PROVIDED DATA
============================================================

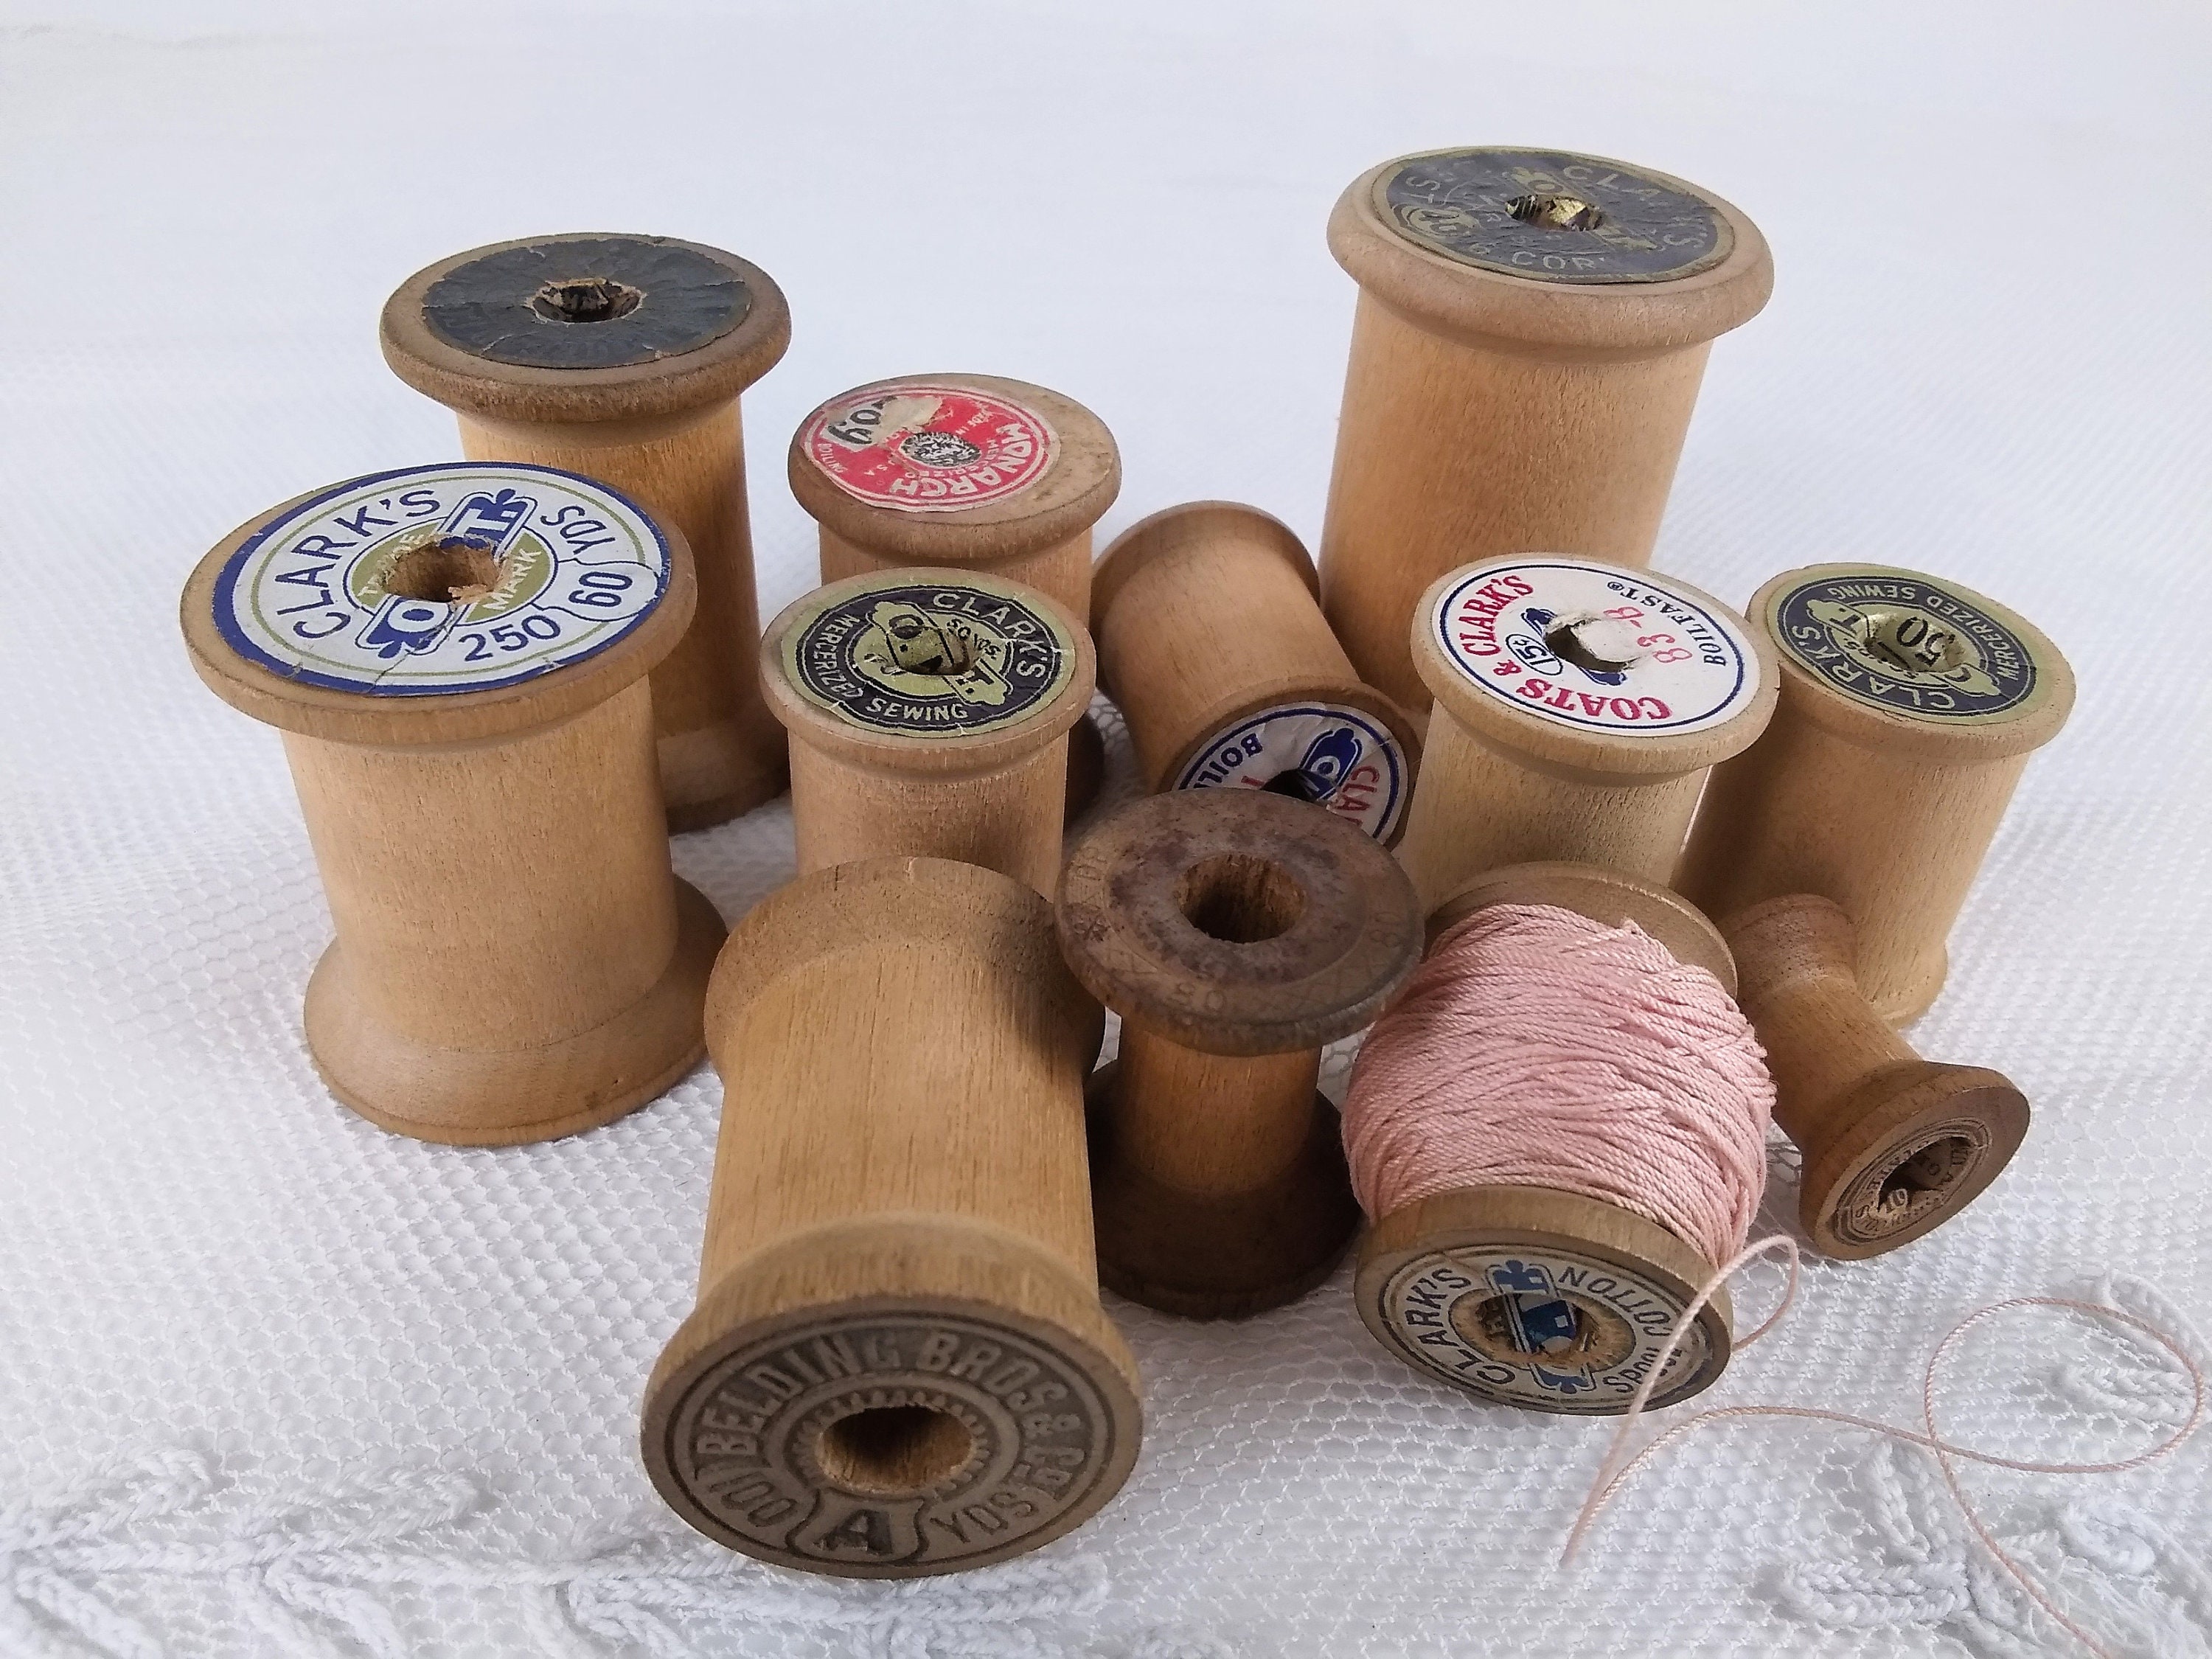 2Pcs Vintage Wooden Spools DIY Reels Organizer for Sewing Ribbons Twine  Wood Crafts Tools Thread Wire
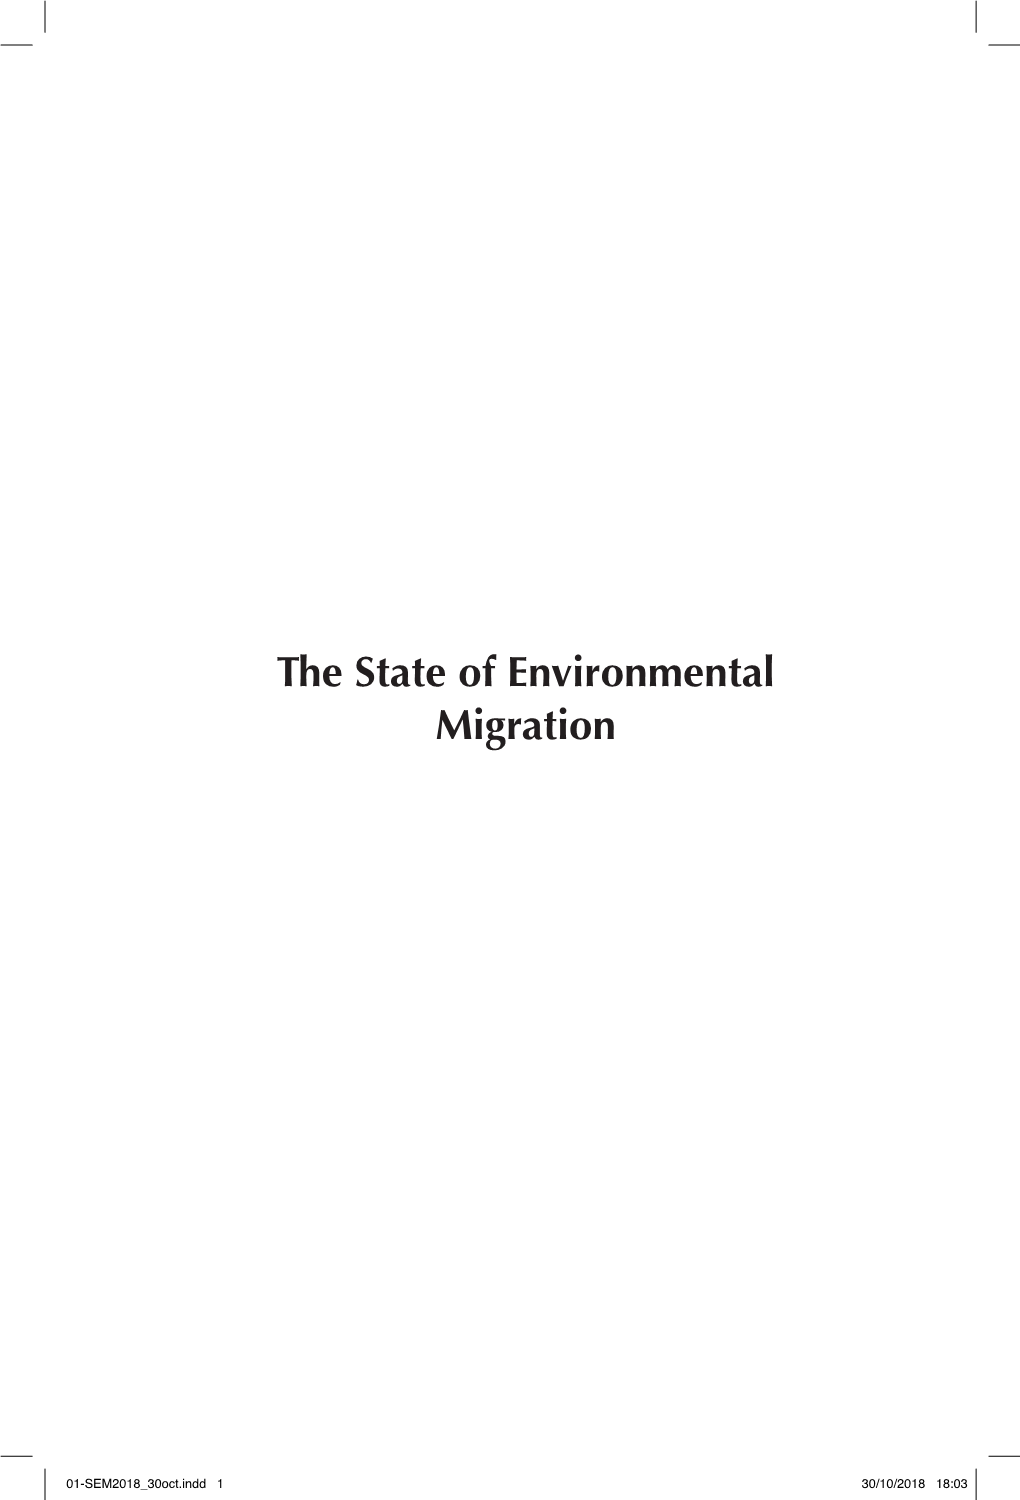 The State of Environmental Migration
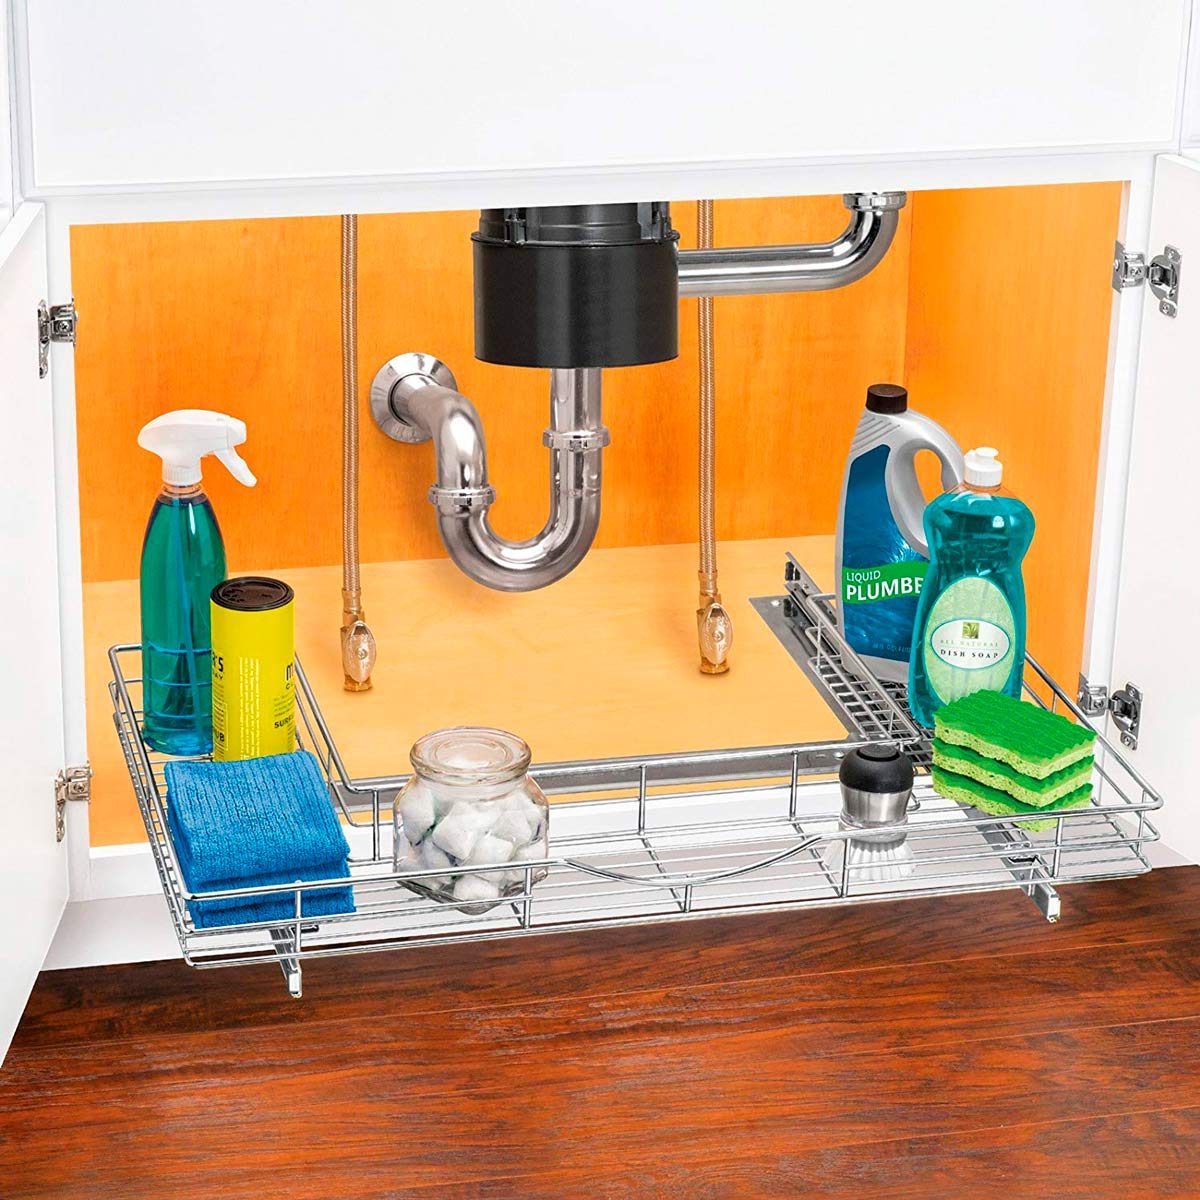 Lynk Professional Slide Out Under Sink Cabinet Organizer - Pull Out Two
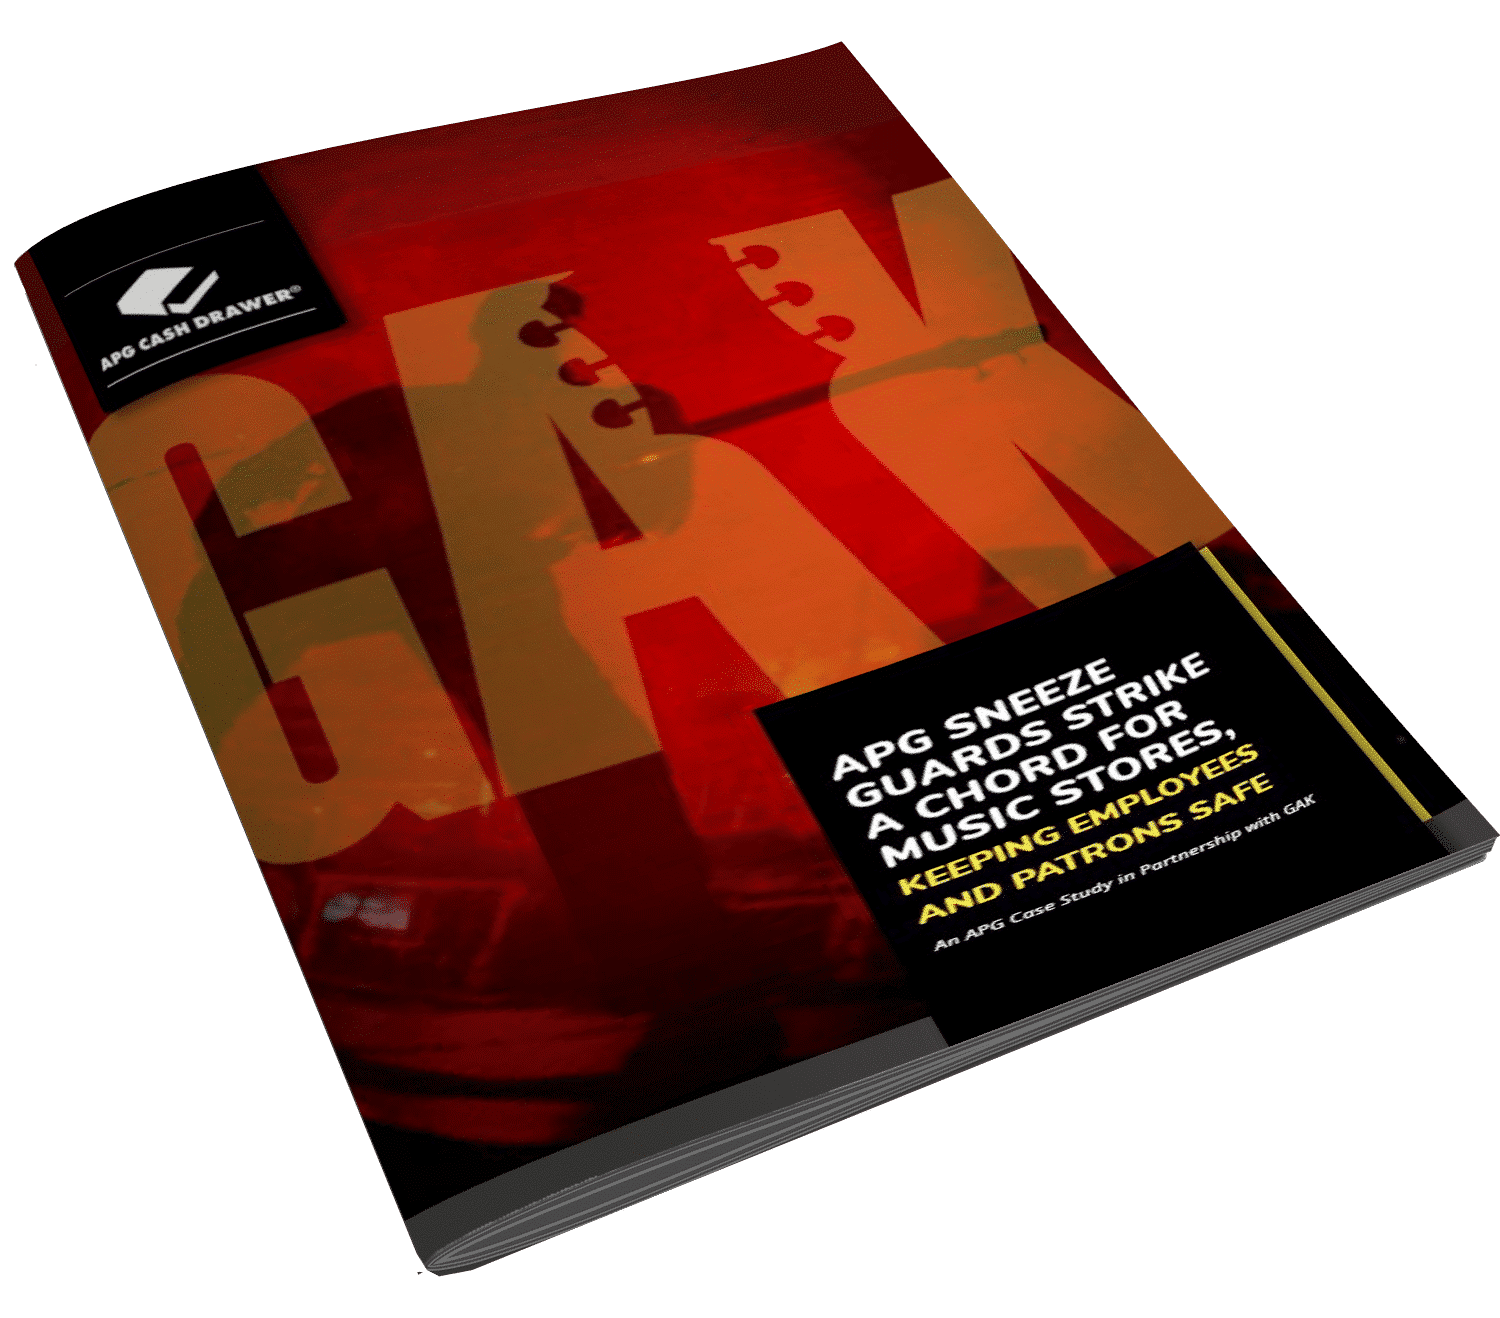 APG Sneeze Guard Case Study in Partnership With GAK

============================================================

REQUIREMENT
In the copy you return, include exactly the lines from the one containing "Lynk Professional Slide" through the final line of the listing, and no pictures.

ANSWER SECTION
 Lynk Professional Slide Out Under Sink Cabinet Organizer - Pull Out Two
 APG Sneeze Guard Case Study in Partnership With GAK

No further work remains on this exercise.